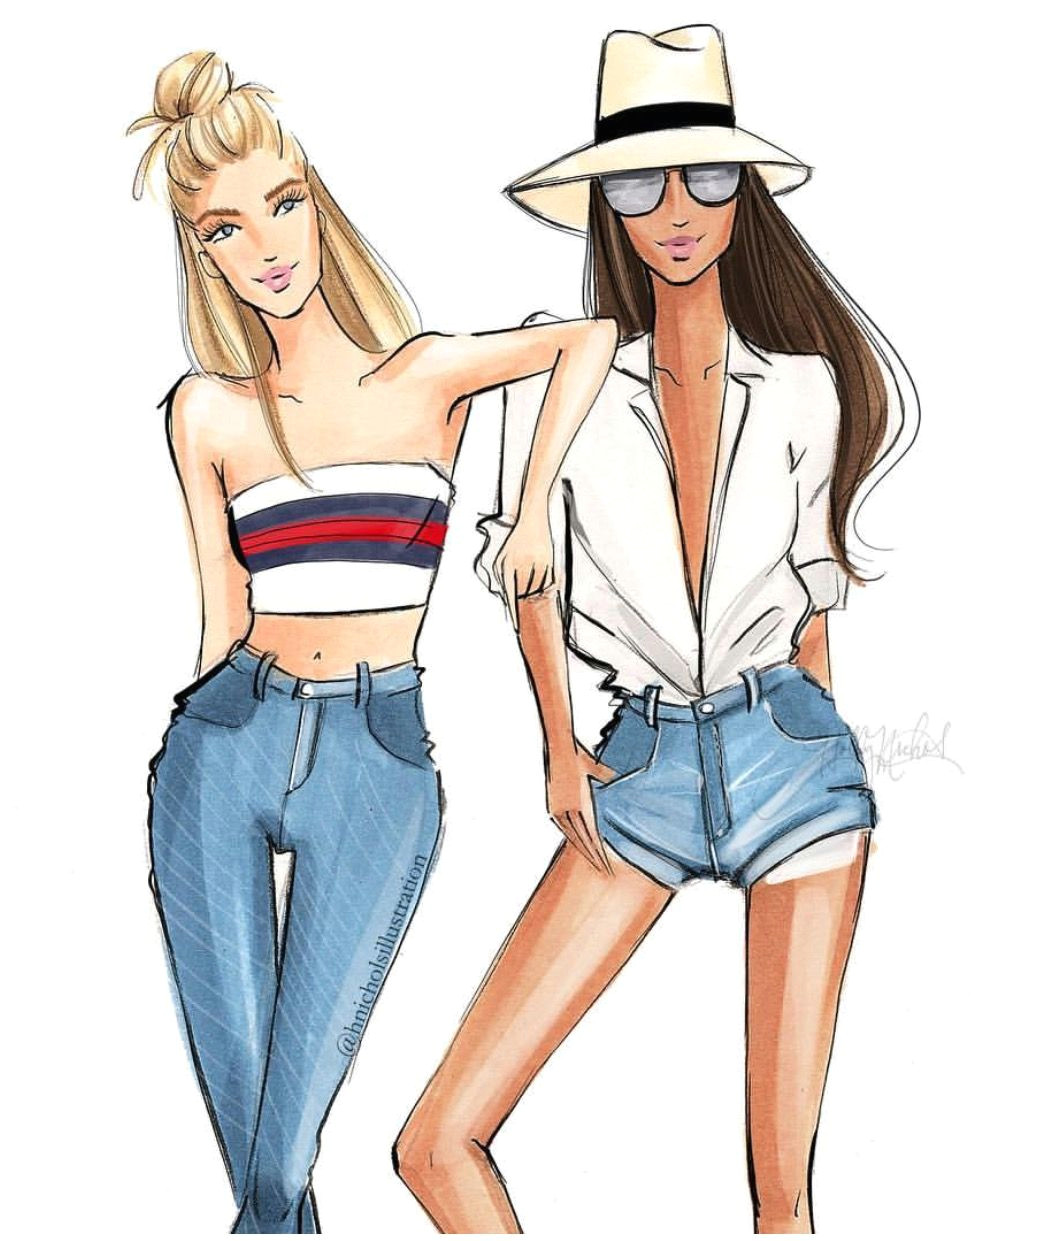 coastal cool fashionillustrations hnicholsillustration hnillustration etsy com be inspirational a mz manerz being well dressed is a beautiful form
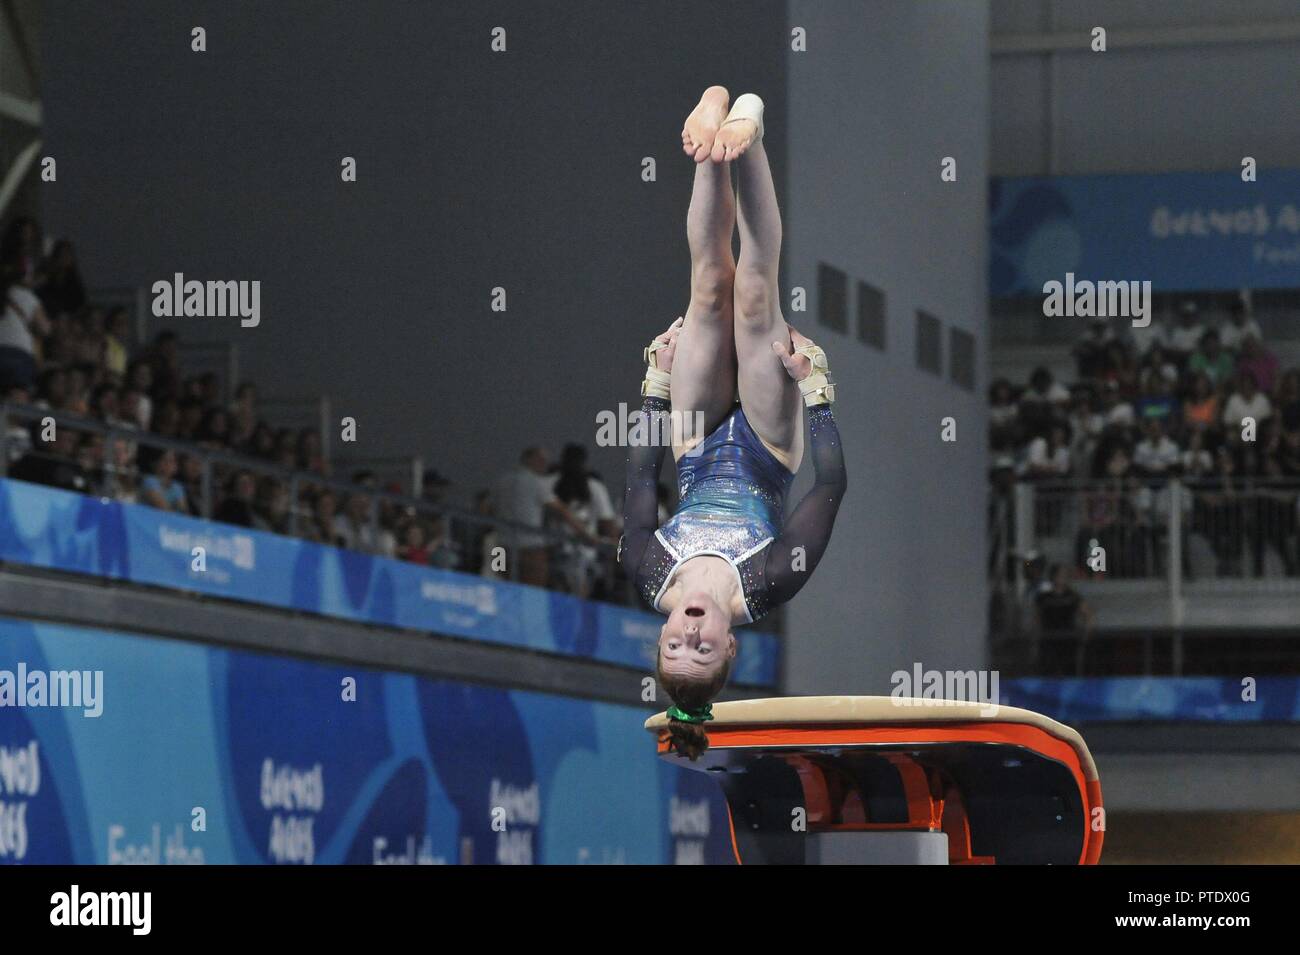 Buenos Aires, Buenos Aires, Argentina. 8th Oct, 2018. EMMA SLEVIN of Ireland competes during the Women's Vault Qualification on Day 2 of the Buenos Aires 2018 Youth Olympic Games at the Olympic Park. Credit: Patricio Murphy/ZUMA Wire/Alamy Live News Stock Photo
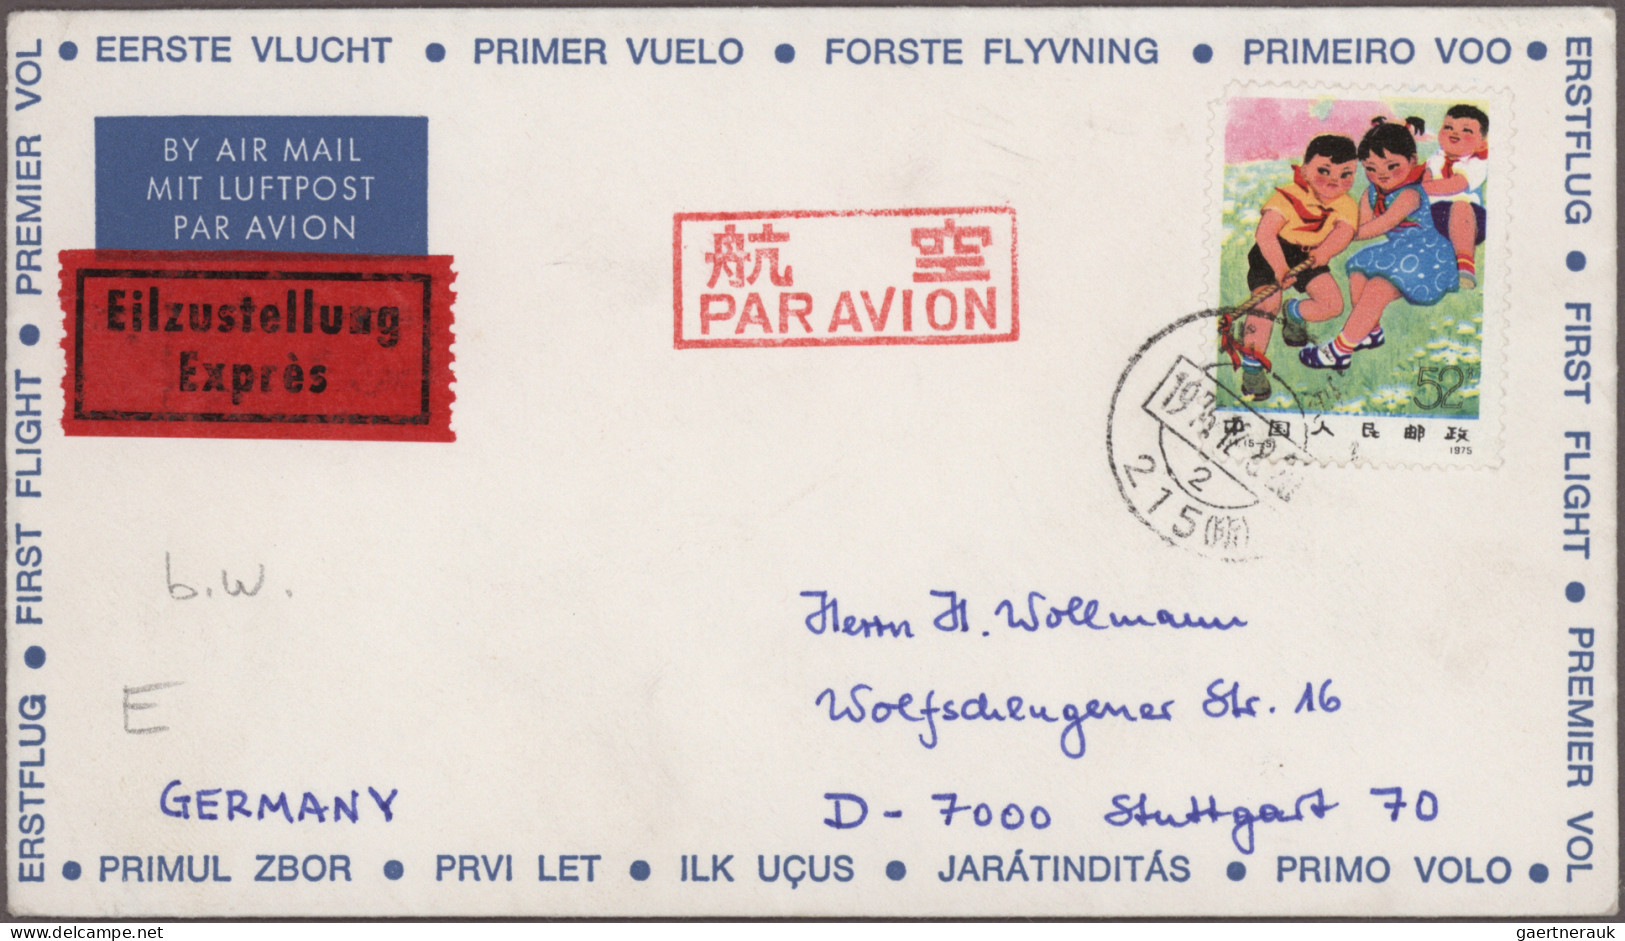 Air Mail: 1935/1986, balance of apprx. 155 airmail covers/cards worldwide with c
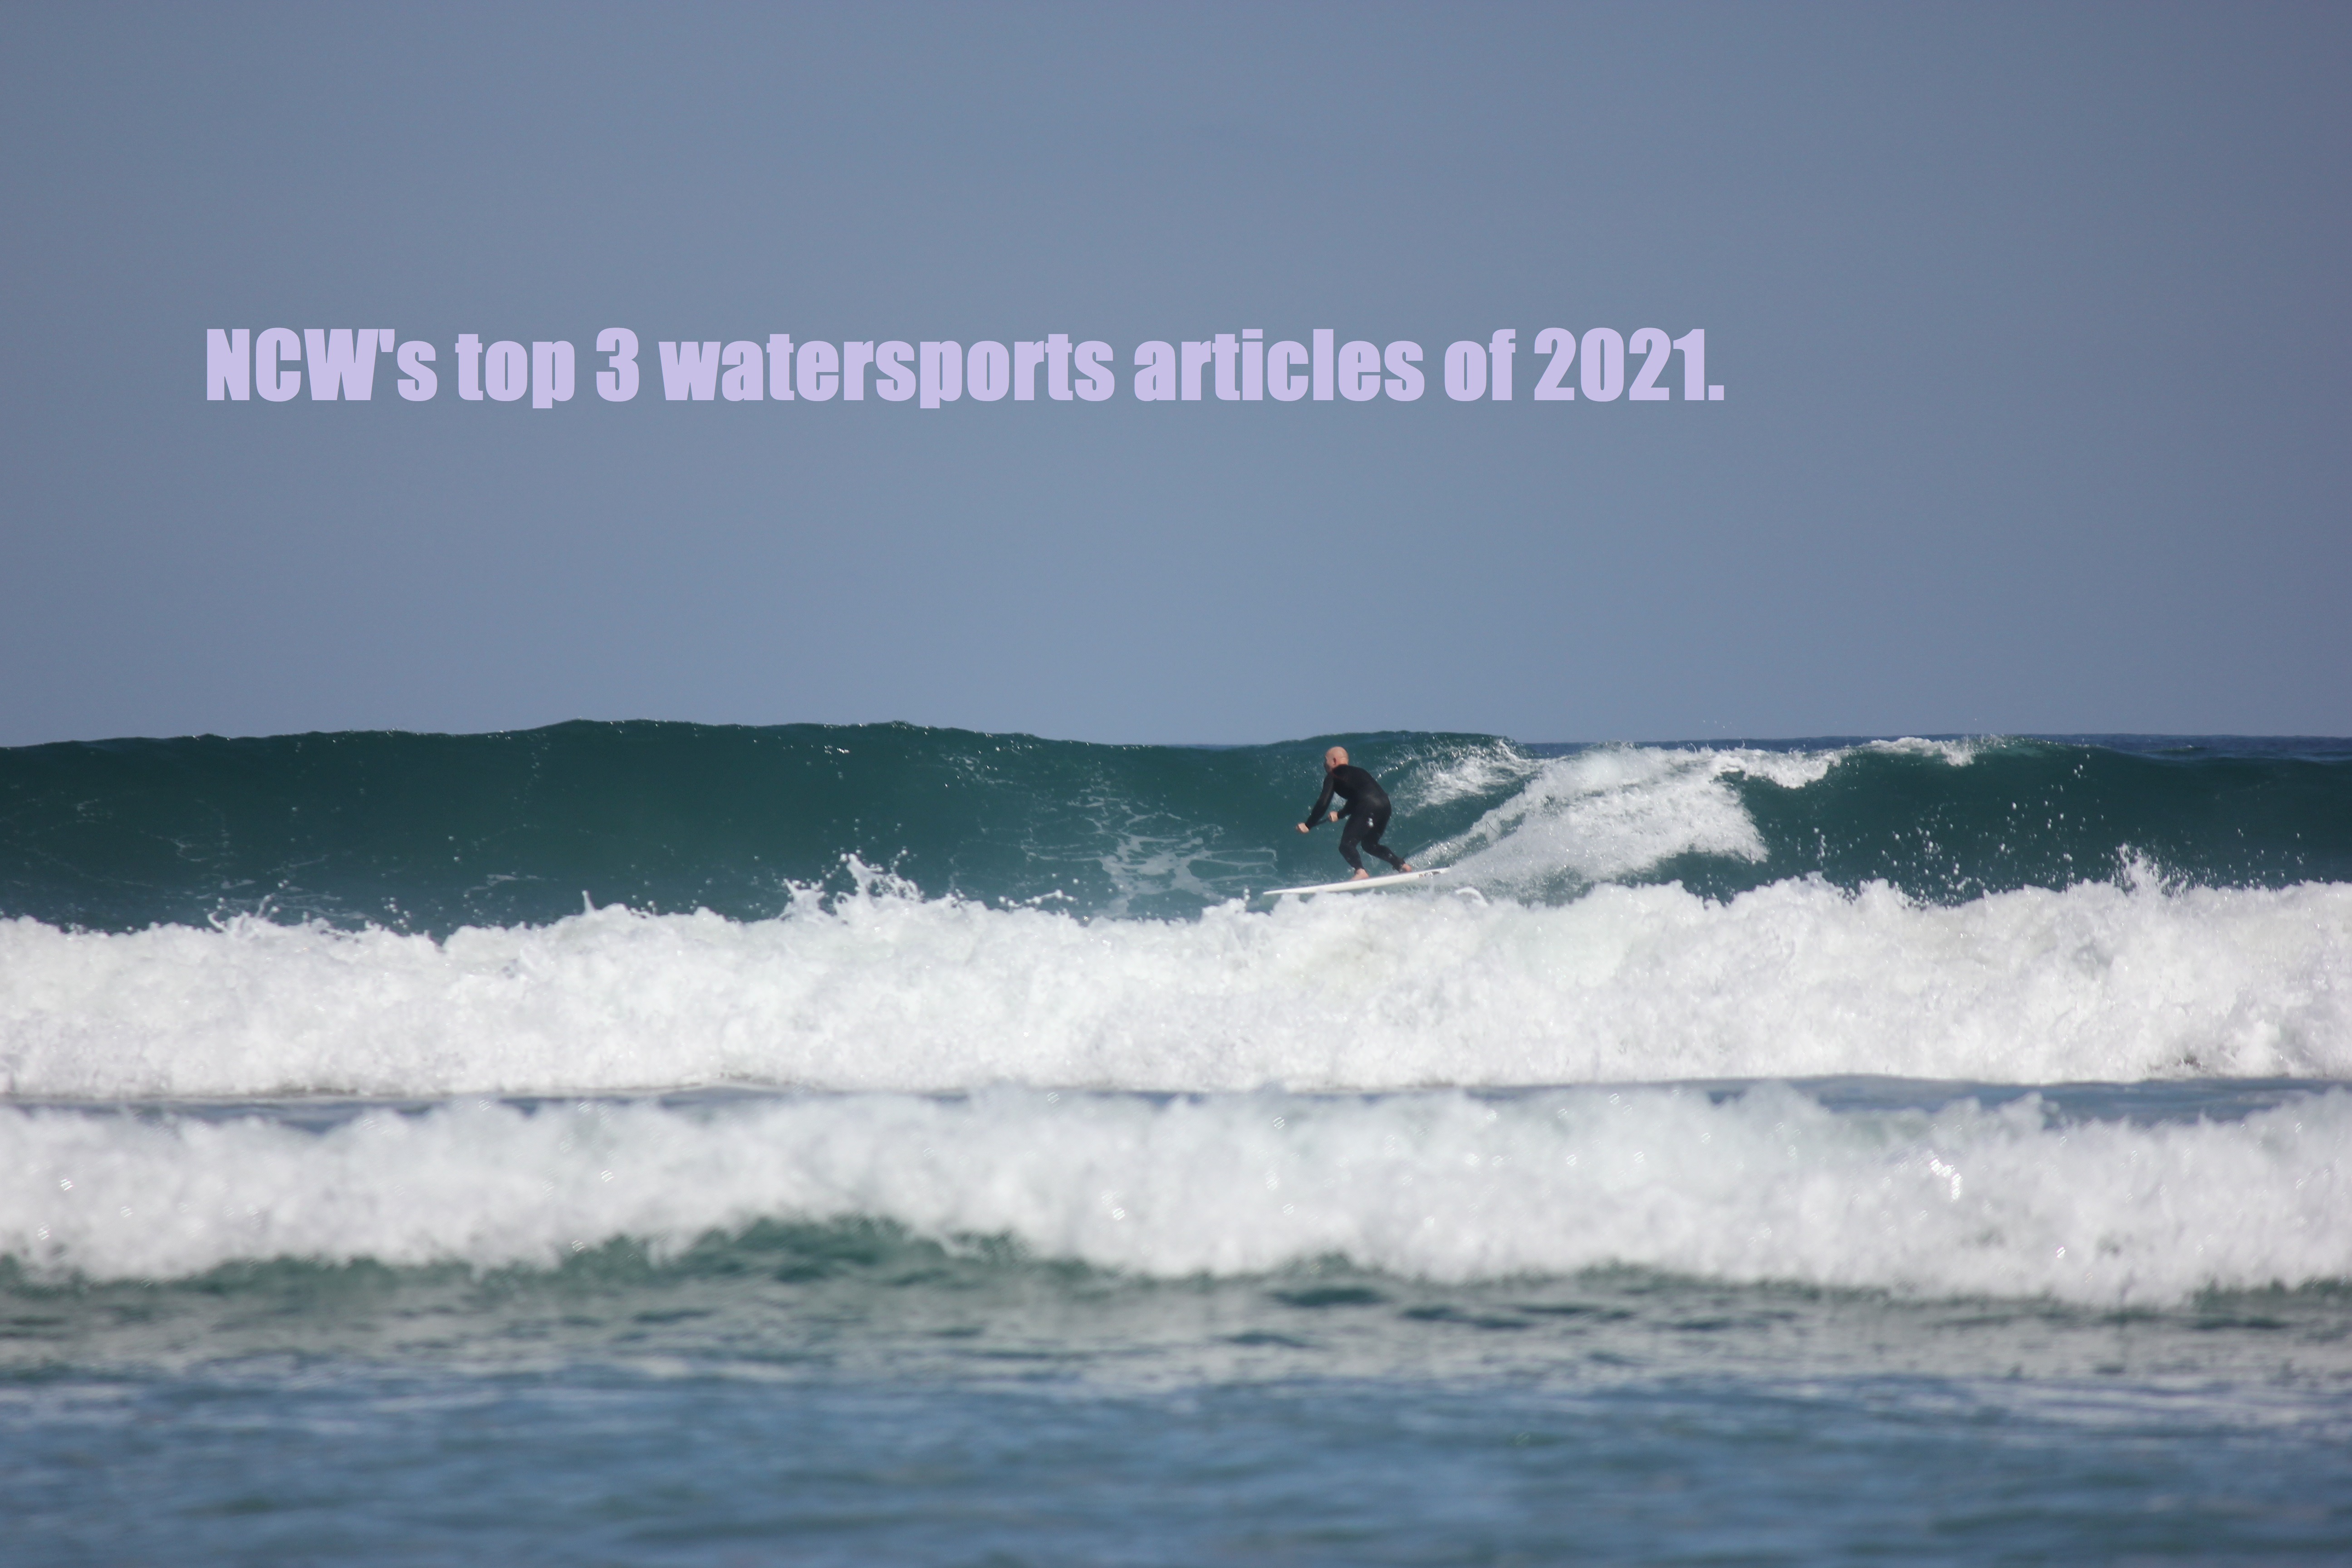 NCW's top 3 watersports articles of 2021.

§ Exercise:
In the data above, the line containing "Air Mail: 1935/1986, balance" and all lines after it are to be reproduced exactly, leaving out the pictures.

§ Expected answer:
 Air Mail: 1935/1986, balance of apprx. 155 airmail covers/cards worldwide with c
 NCW's top 3 watersports articles of 2021.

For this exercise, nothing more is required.